The idea is simple, of course: You point your phone’s camera at something and the app attempts to identify it using an enormous but highly optimized classification agent trained on tens of millions of images. It connects to Wikipedia and Amazon to let you immediately learn more about what you’ve ID’ed, or buy it.
It recognizes more than 17,000 objects — things like different species of fruit and flower, landmarks, tools and so on. The app had little trouble telling an apple from a (weird-looking) mango, a banana from a plantain and even identified the pistachios I’d ordered as a snack. Later, in my own testing, I found it quite useful for identifying the plants springing up in my neighborhood: periwinkles, anemones, wood sorrel, it got them all, though not without the occasional hesitation.
The kicker is that this all happens offline — it’s not sending an image over the cell network or Wi-Fi to a server somewhere to be analyzed. It all happens on-device and within a second or two. Royzen scraped his own image database from various sources and trained up multiple convolutional neural networks using days of AWS EC2 compute time.

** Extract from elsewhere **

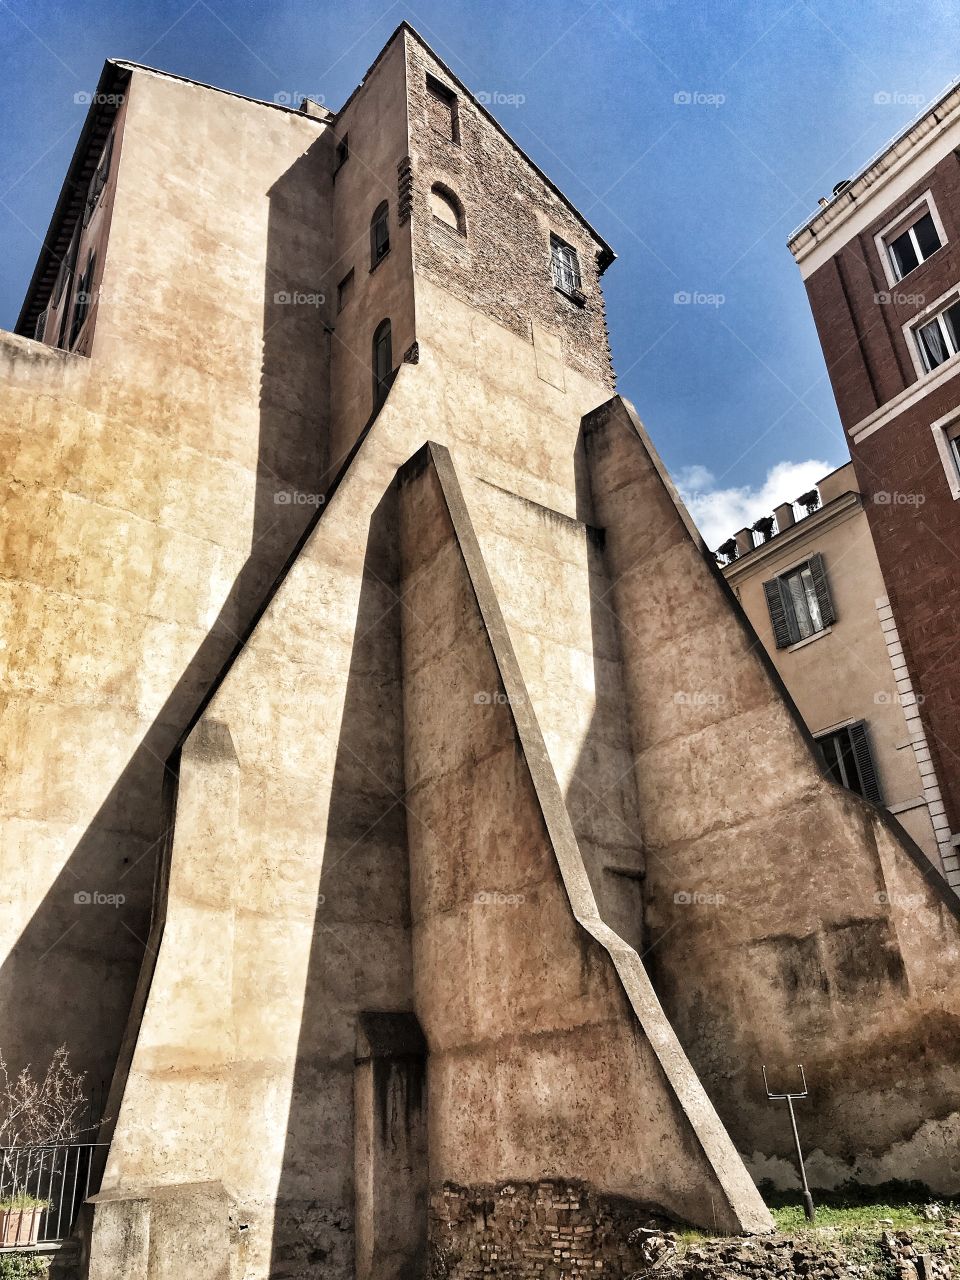 Buttressed building, Rome back streets

Then there are far more than that number in products that it recognizes by reading the text of the item and querying the Amazon database. It ID’ed books, a bottle of pills and other packaged goods almost instantly, providing links to buy them. Wikipedia links pop up if you’re online as well, though a considerable amount of basic descriptions are kept on the device.
On that note, it must be said that SmartLens is a more than 500-megabyte download. Royzen’s model is huge, since it must keep all the recognition data and offline content right there on the phone. This is a much different approach to the problem than Amazon’s own product recognition engine on the Fire Phone (RIP) or Google Goggles (RIP) or the scan feature in Google Photos (which was pretty useless for things SmartLens reliably did in half a second).
“With the several past generations of smartphones containing desktop-class processors and the advent of native machine learning APIs that can harness them (and GPUs), the hardware exists for a blazing-fast visual search engine,” Royzen wrote in an email. But none of the large companies you would expect to create one has done so. Why?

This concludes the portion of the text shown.